Actually Jeff Atwood wrote some time ago about unreachable type of software engineers (or for that matter any professionals). Paragraph that completely describes my feelings is this one:

The problem isn’t the other 80%. The problem is that we’re stuck inside our own insular little 20% world, and we forget that there’s a very large group of programmers we have almost no influence over. Very little we do will make any difference outside our relatively small group. The problem, as I obviously failed to make clear in the post, is figuring out how to reach the unreachable. That’s how you make lasting and permanent changes in the craft of software development. Not by catering to the elite– these people take care of themselves– but by reaching out to the majority of everyday programmers.

Writing for the masses is not easy, and I don’t think I’m up to it. Yet. It makes me angry that not everyone loves his job or profession, but I cannot change that. So I will keep writing about my passions the way I see fit and hopefully one day, I will become good enough software engineer and writer in one person, that I will be able to influence the 80%.

Note: If you are wondering what’s up with 80% – 20% thing, then I recommend article by Ben Collins-Sussman about two types of programmers

Lack of security is not a problem

August 28, 2008 in en, rant, security, software

False sense of security is. As Dan Kaminsky pointed out recently, there have been numerous BIG security problems with fundamental Internet services. All of them undermine basic principles on which Internet is based: routing or DNS.

Can we trust the other side? How can we know that we are “talking” to the same computer as few days ago? This question is usually answered by encryption of communication and authentication through SSL (https). Most websites use self-signed certificates, but these provide only encryption, not authentication. There are quite a few good examples of security pitfalls of self-signed certificates.

Recently I also managed to stumble on nice Firefox extension called Perspectives. Usually only your browser checks security certificate of https server you are connecting to. If attacker takes over path between you and destination server, trying to execute MITM attack, Perspectives would detect this and warn you. It would even warn you if the certificate changed recently. This makes even self-signed certificates somehow more secure. Without Perspectives you could be easily lured in a den of wolves. For more in-depth explanation on how Perspectives works, see original publication.

The basic principle still stands. You are most vulnerable, when you don’t expect an attack. In other words:

Little paranoia never hurts

So next time you see a warning about invalid/outdated/self-signed certificate, don’t accept it without thinking about consequences.

Strong passwords suck, but they don’t have to

August 26, 2008 in en, rant, security

Amrit Williams wrote a nice piece on sucking passwords. But as Martin McKeay pointed out Amrit didn’t provide any real solutions except maybe using passphrases. Passwords are gate to online existence of most people. Most people know that there are certain rules for creating strong passwords (at least I hope so). But only a handful of people use really secure passwords. Moreover you should have different passwords for every program/email account/social networking site/etc.
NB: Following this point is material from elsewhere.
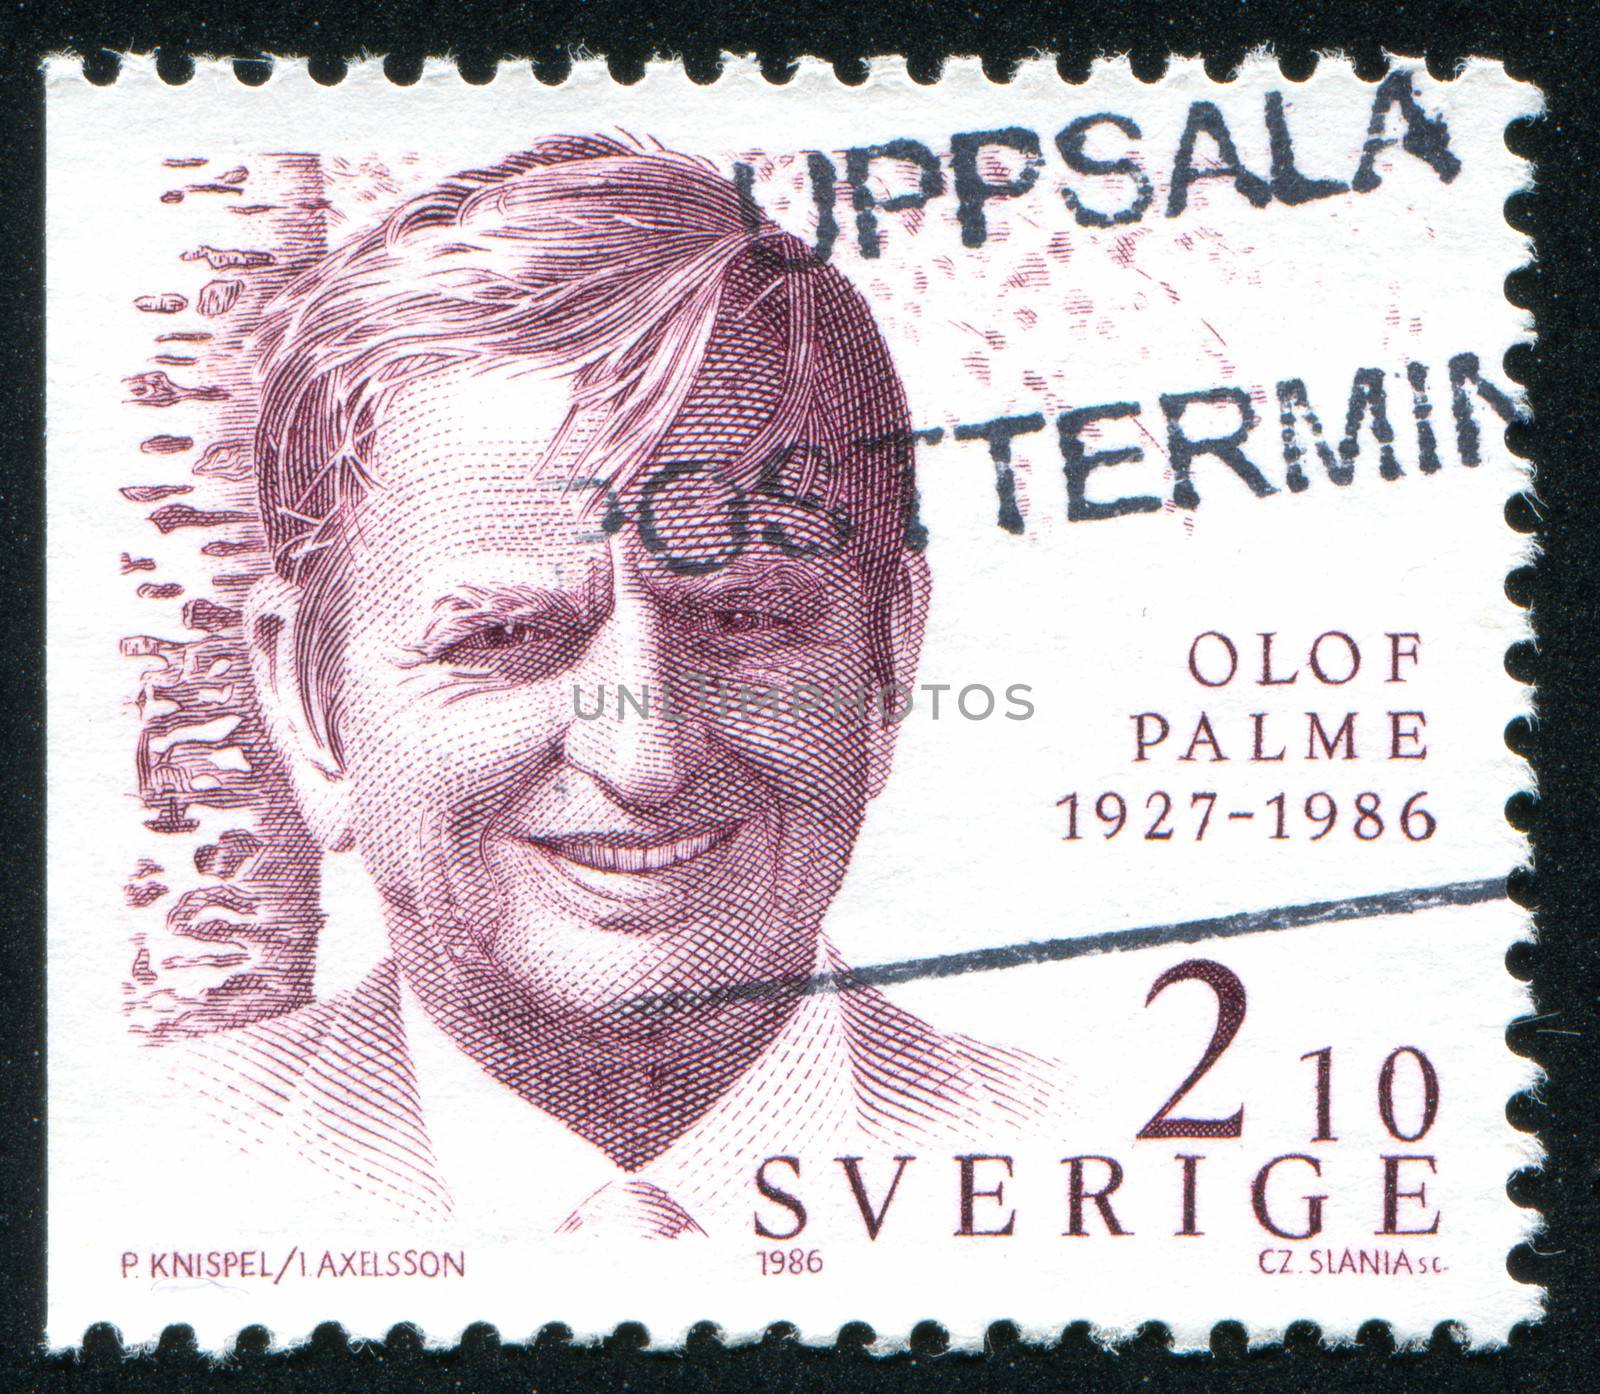 Olof Palme by rook

Why? So that when one account becomes compromised (by whatever means), others will stay safe.

You can find a lot of rules for chosing good passwords all around Internet. There is only one problem with them. If we would like to really follow all the rules, most of us would end up with 20+ passwords, every one longer than 8 characters, most of them without any meaning. Good luck with remembering them. But hey! We are in computer age, we don’t have to remember stuff anymore right? Why not use a decent password manager? Then you have to remember only one password (but it better be REALLY secure).

This approach creates one more problem for us though. Mobility of our passwords. You want to access website x.y.com? I hope you have your password manager with database at hand. Otherwise you’re screwed. I see two solutions:

  • If you use some kind of UNIX-like system, and you have a public IP, you could use command-line password manager to access your passwords from anywhere.
  • Carry your password manager with your database around.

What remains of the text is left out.